**What the task requires**
Restate the data below word for word. Skip any images it contains.

**Dataset extract**
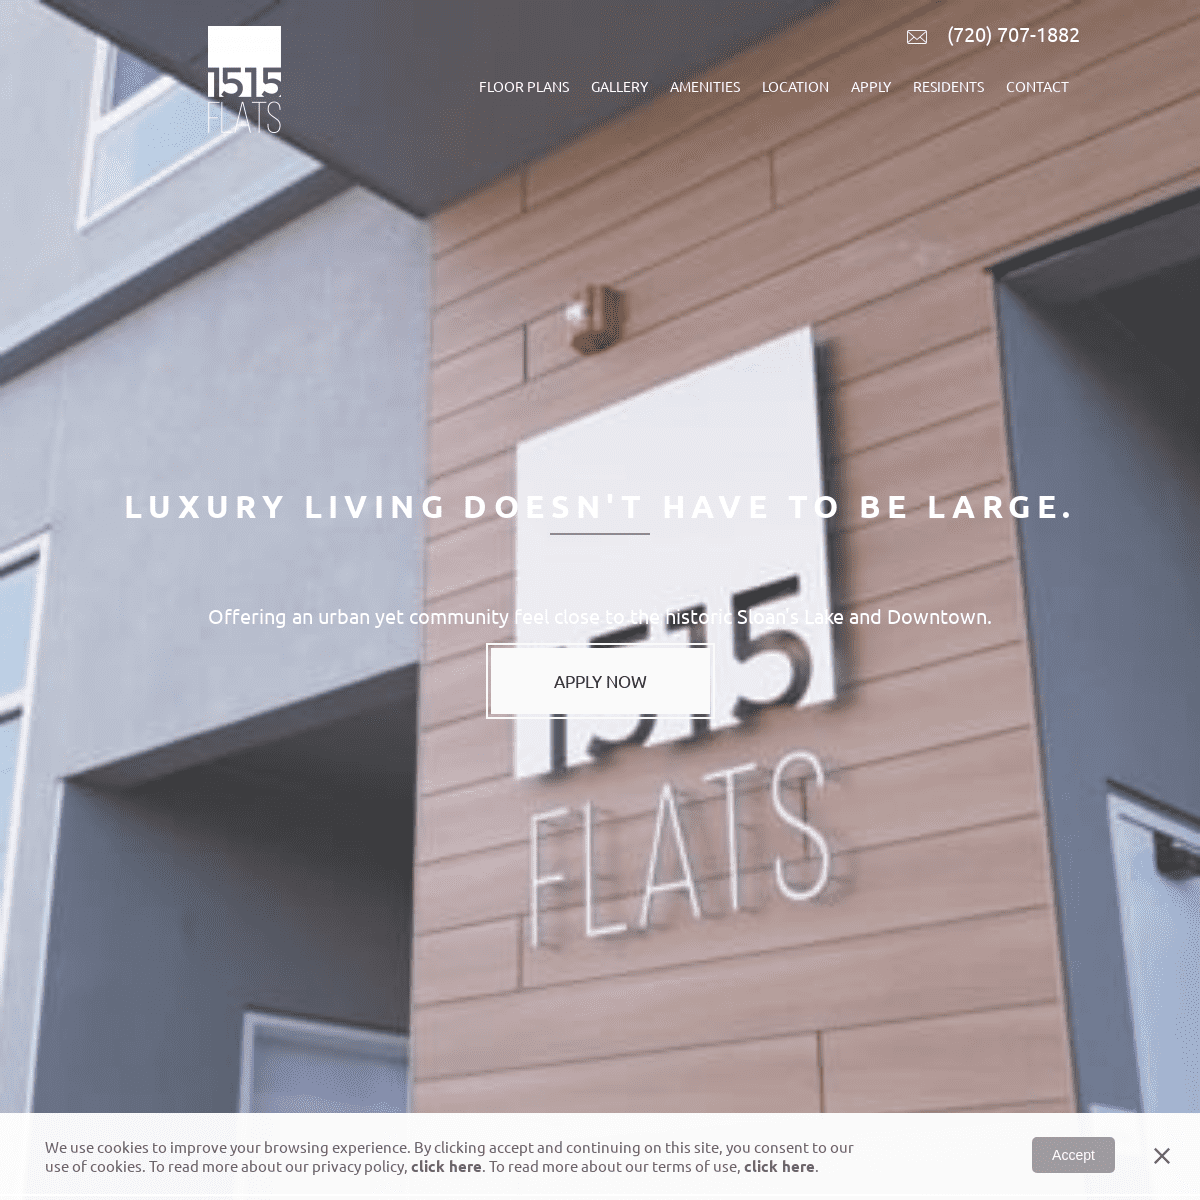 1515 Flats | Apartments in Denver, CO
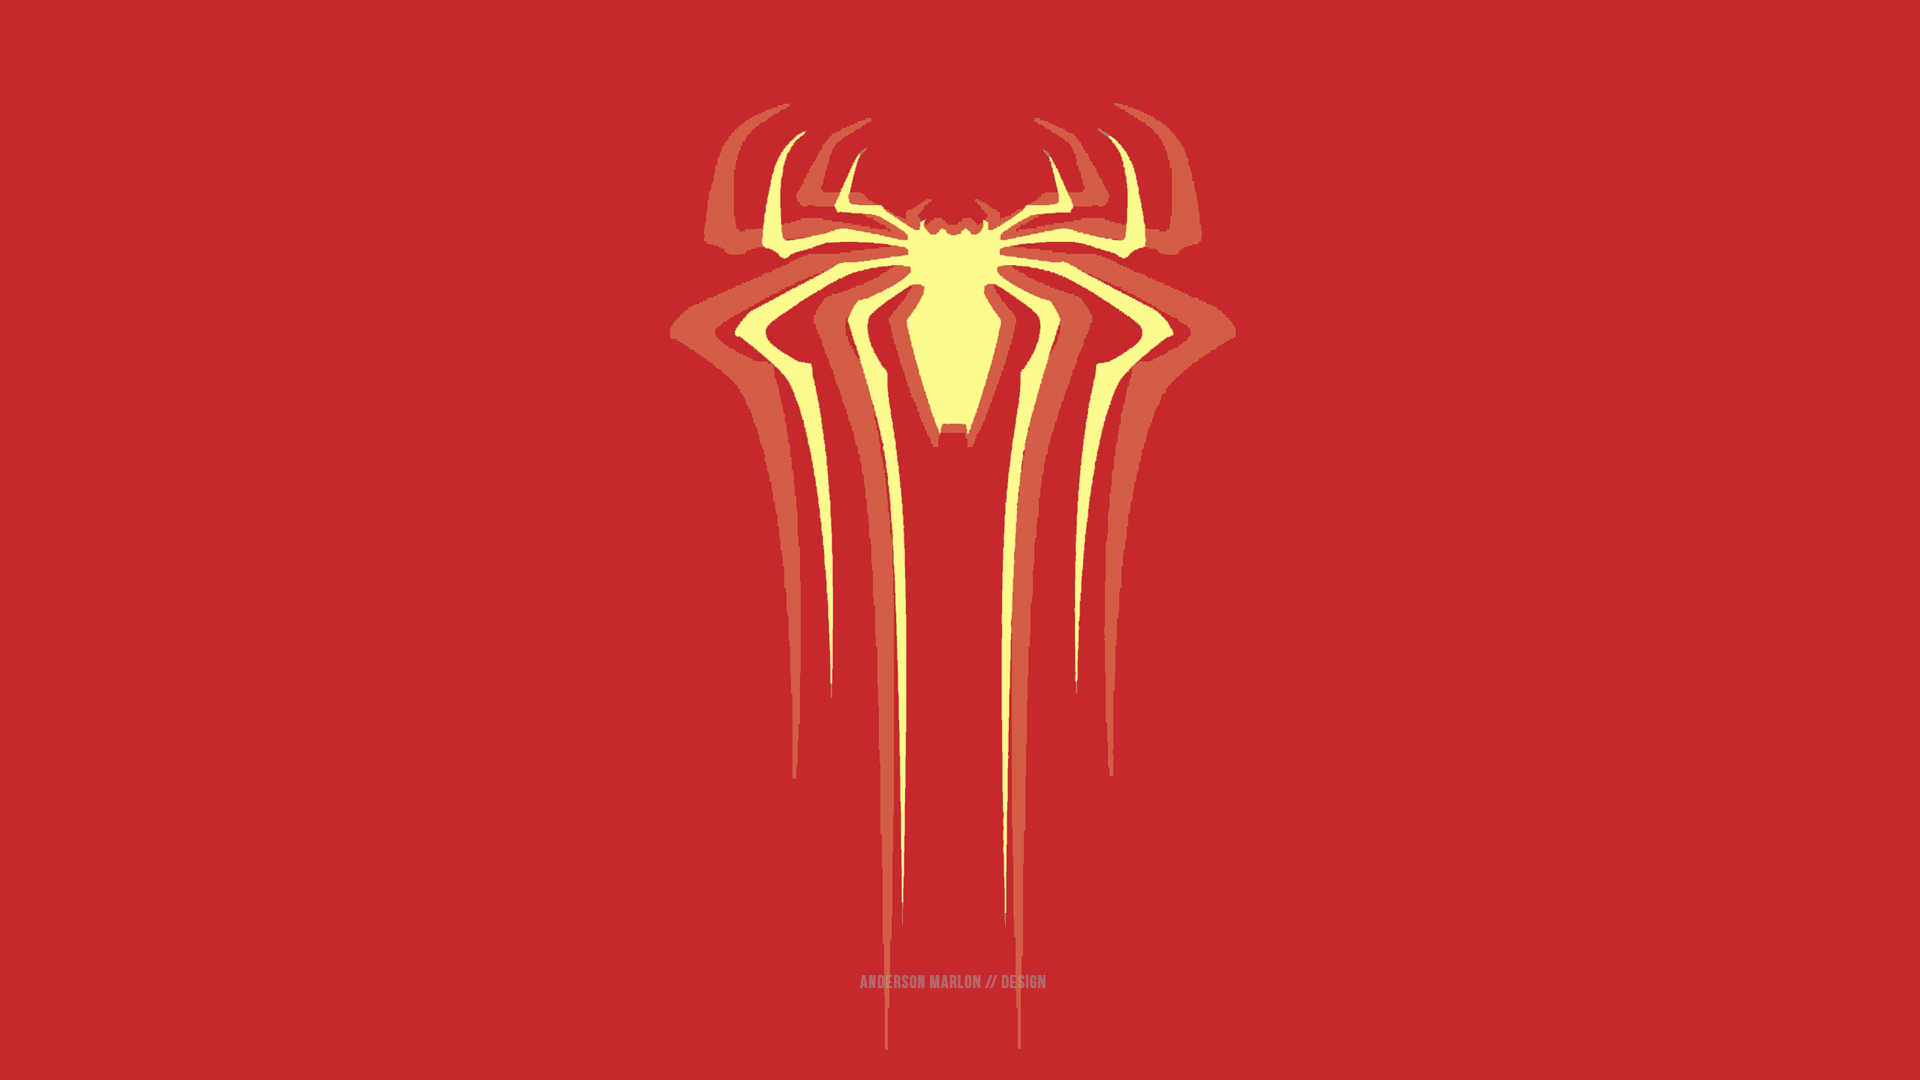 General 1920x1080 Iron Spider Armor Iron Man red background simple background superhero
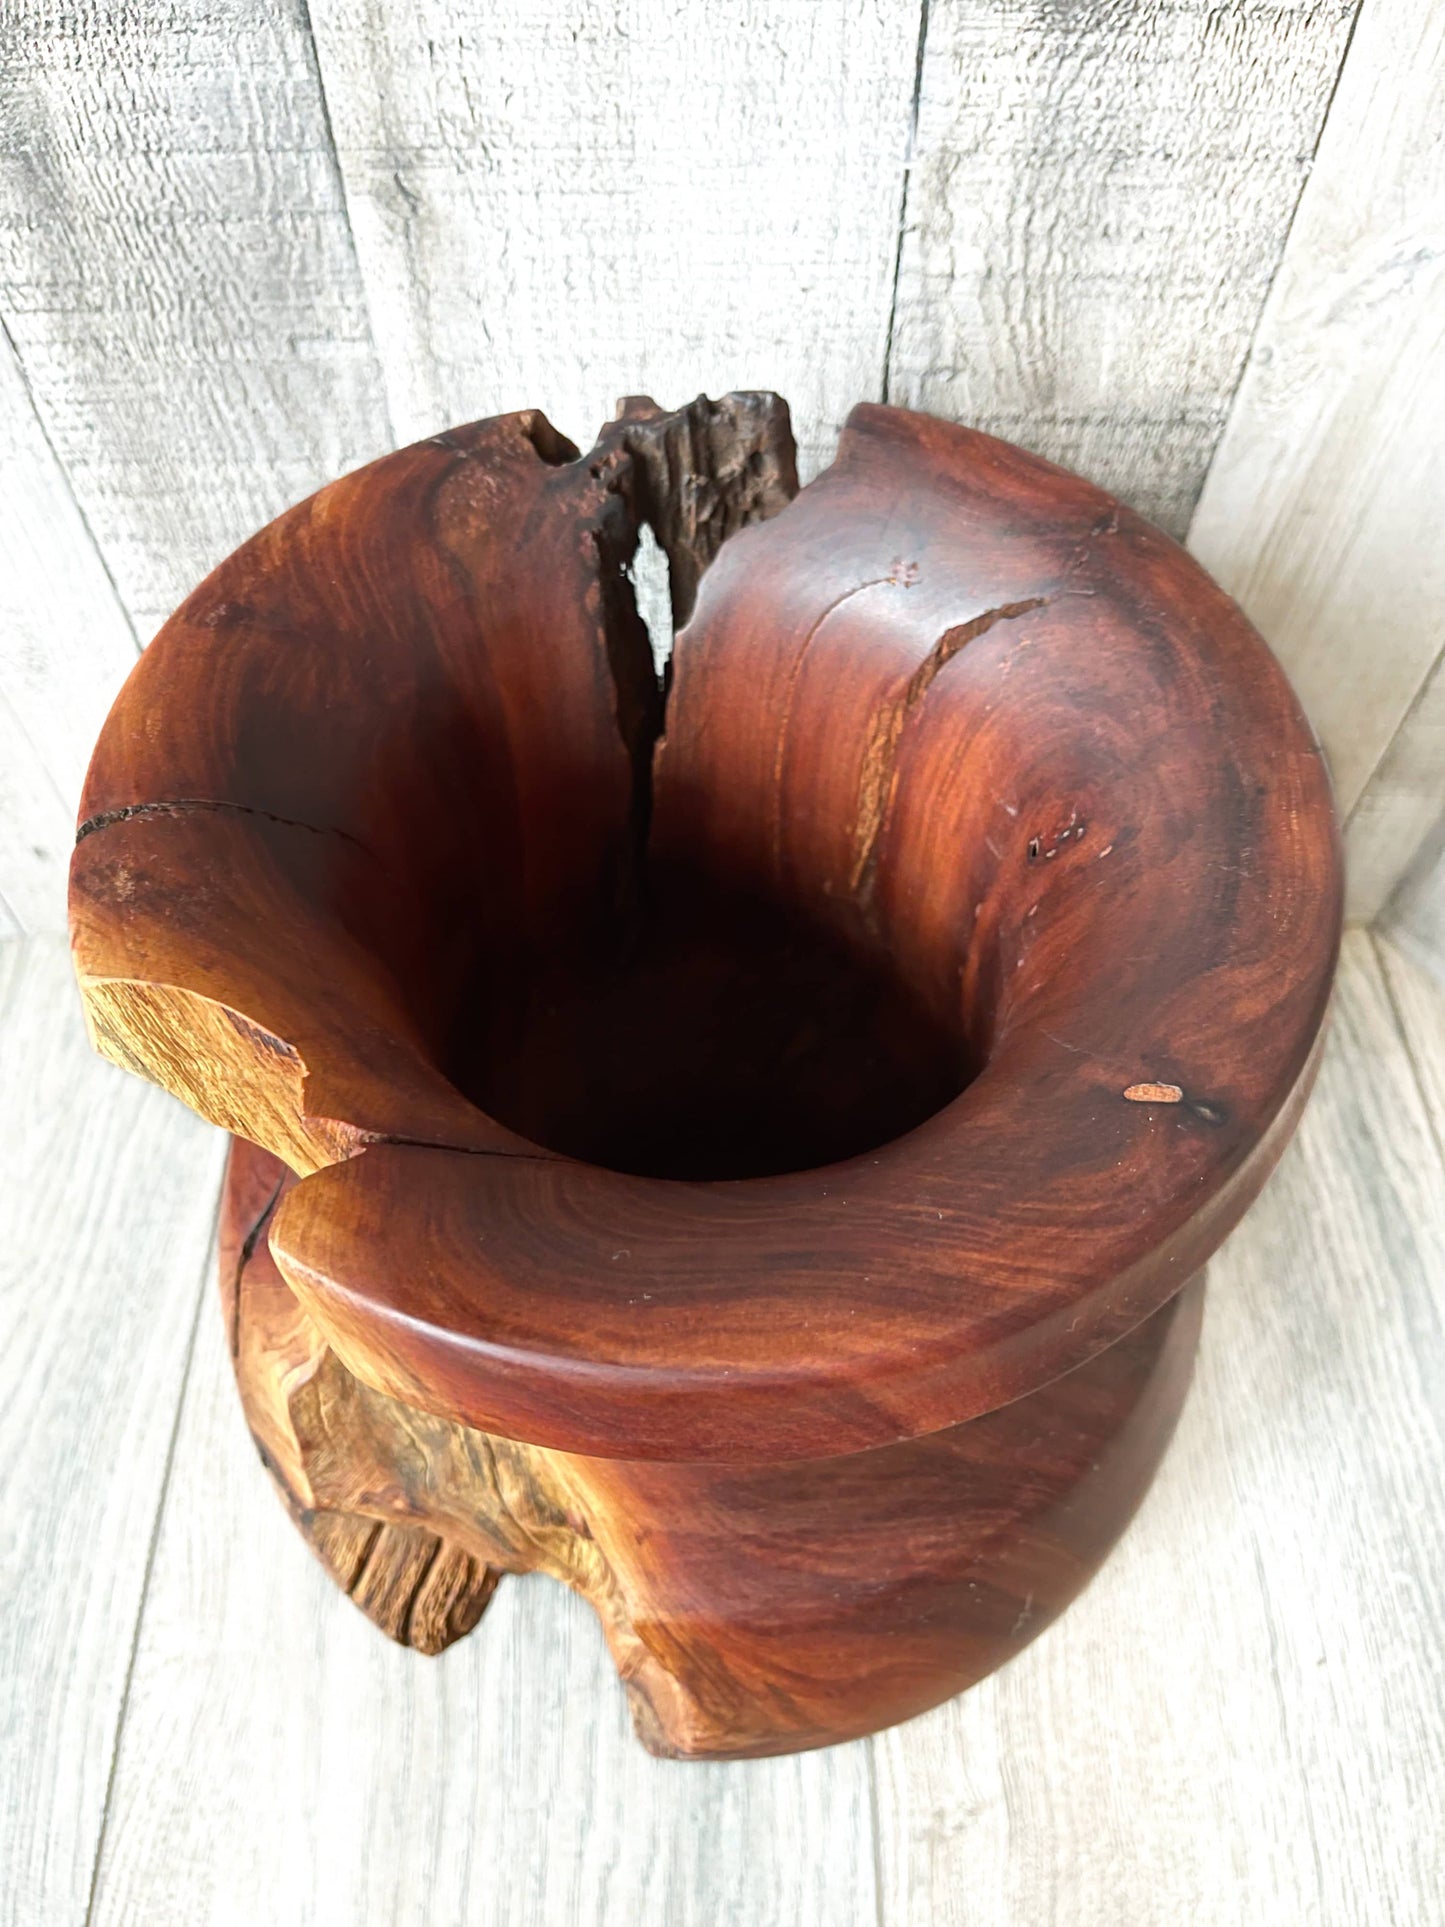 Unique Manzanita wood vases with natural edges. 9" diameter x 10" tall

**Reply to the exercise**
 1515 Flats | Apartments in Denver, CO
 General 1920x1080 Iron Spider Armor Iron Man red background simple background superhero
 Unique Manzanita wood vases with natural edges. 9" diameter x 10" tall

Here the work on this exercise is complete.